At this point you are at risk of entering into a loop where it is possible that a helper can become addicted to help and a receiver can become addicted to being helped.
If you are the carer you can begin to get a kick out of caring or become hooked on helping, then enjoying the sense of power it brings along with the debts you create.
If you are the receiver you are at risk of going down the path labeled, learned helplessness.
So, you can see that there is a possibility of a helpful habit connecting to a helplessness habit. Sometimes this gets labeled co-dependency but that may not be the whole story.
We will look at learned helplessness another day, but may I focus on this personality trait of “over-helping” or “over-caring”. Can you see that the problem is not helping or caring it is that prefix “over”.
What is the stress connection? The stressful feature of the over-helping personality is that eventually it becomes deeply disappointing. The one you are over-helping will start to reject your help and the over-helping habit you have developed will leave you dissatisfied, frustrated and angry.

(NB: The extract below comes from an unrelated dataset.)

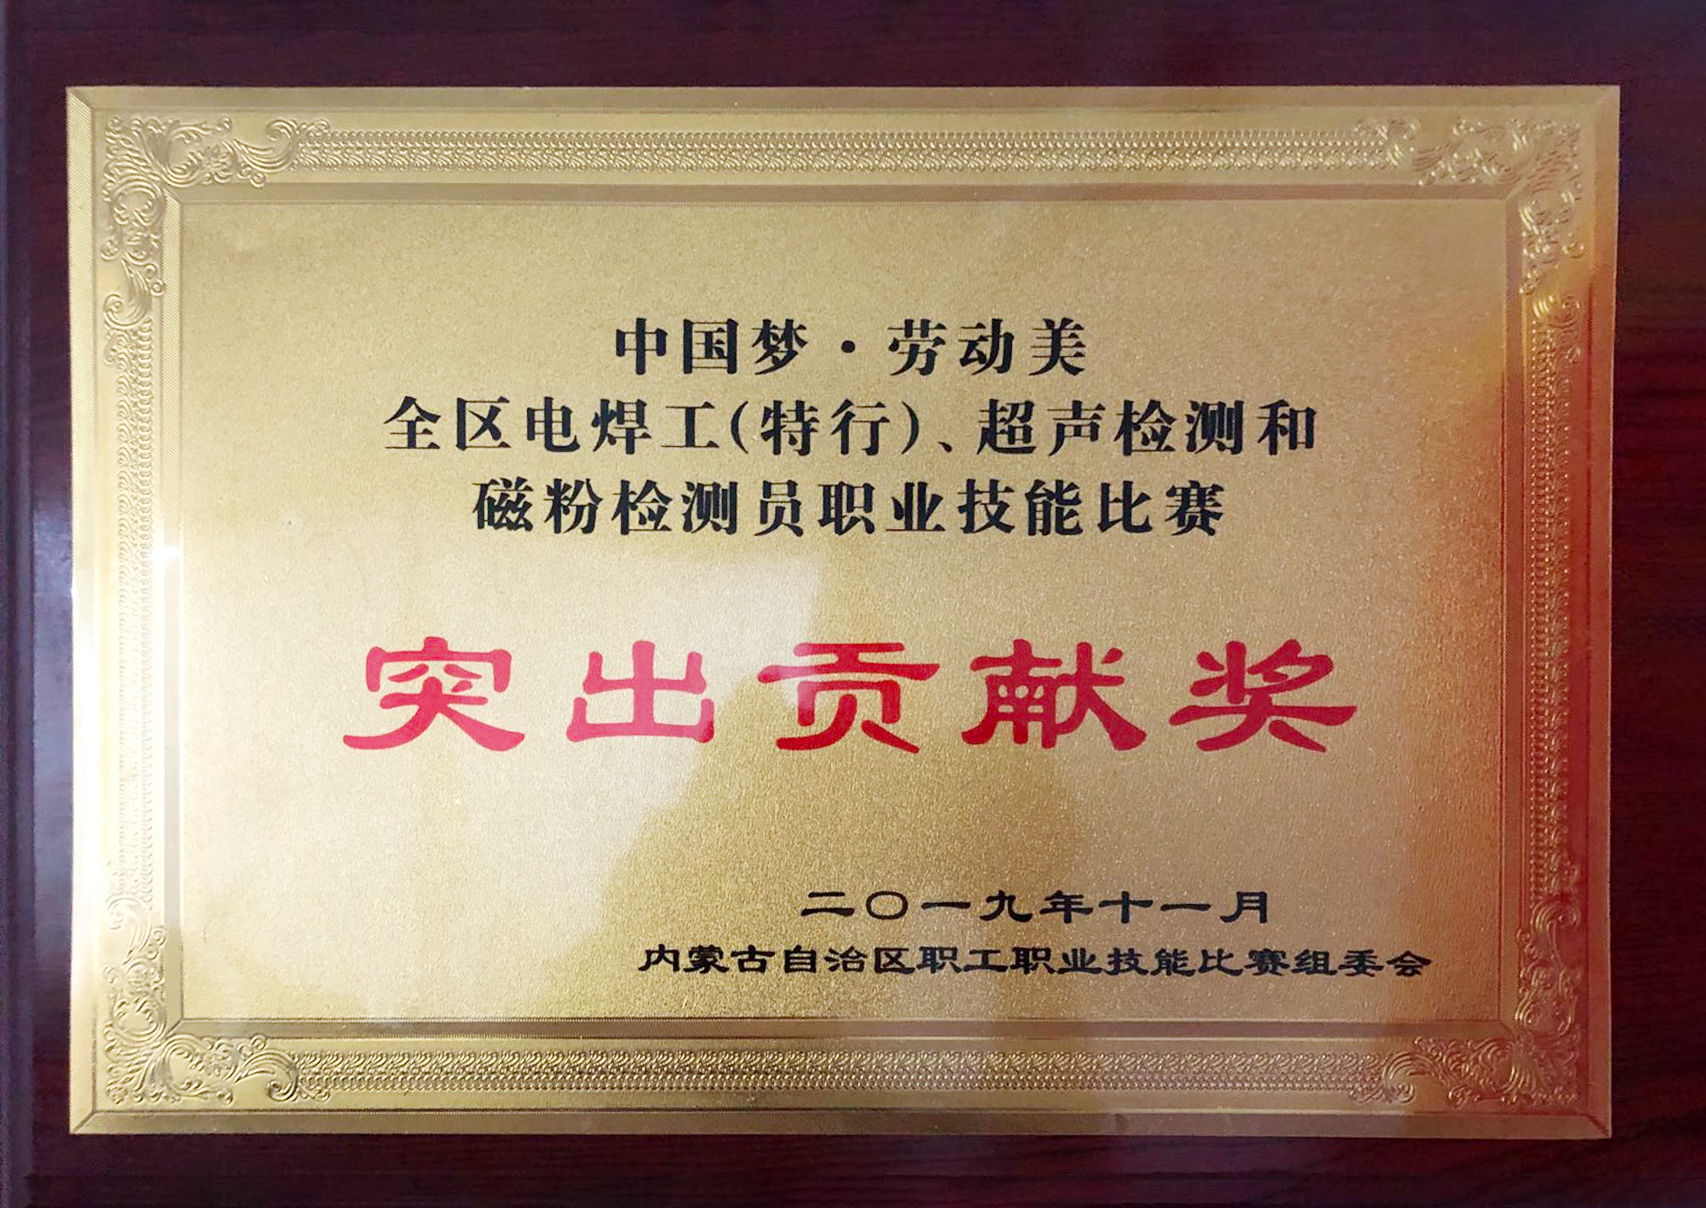 中国梦·劳动美全区电焊工（特行）、超声检测和磁粉检测员职业技能比赛突出贡献奖

Dear Martha in the Gospels showed signs of this habit when she wanted Jesus’ visit to her home to be about catering. She wanted to control the event through her over-helping and frustration followed.
There is a possible side effect of this habit. The over-helper can become stressed by concentrating on the helpee and ignoring themselves. In the Song of Solomon, the woman complained that she had been pressurized into caring for everyone else’s vineyard when her own was in ruins (Song of Solomon 1:6). This is an illustration of this syndrome (not necessarily and example) whereby the helper loses focus on her own needs.
Over-helpers have a tendency to forget that a baby arrived at Christmas of whom it was said, “the government will be upon his shoulders”. Similarly, Paul tells the Galatian Christians to bear one another’s burdens and in the next breath to bear your own load. The over-helper wants not only to share burdens but take over the other people’s loads.
We all have our own loads to carry and will do well to respect that in each other while not devaluing the kindness of helping.
Over-helping, however, is a pathway to stress both in you and the one you wish to help. It’s complicated, but worth understanding.
Work well today,
© Geoff Shattock February 2019
Song of Songs 1:6
6 Do not stare at me because I am dark, because I am darkened by the sun. My mother’s sons were angry with me and made me take care of the vineyards; my own vineyard I had to neglect.
2 Carry each other’s burdens, and in this way you will fulfill the law of Christ.
5 for each one should carry their own load.
40 But Martha was distracted by all the preparations that had to be made. She came to him and asked, “Lord, don’t you care that my sister has left me to do the work by myself? Tell her to help me!”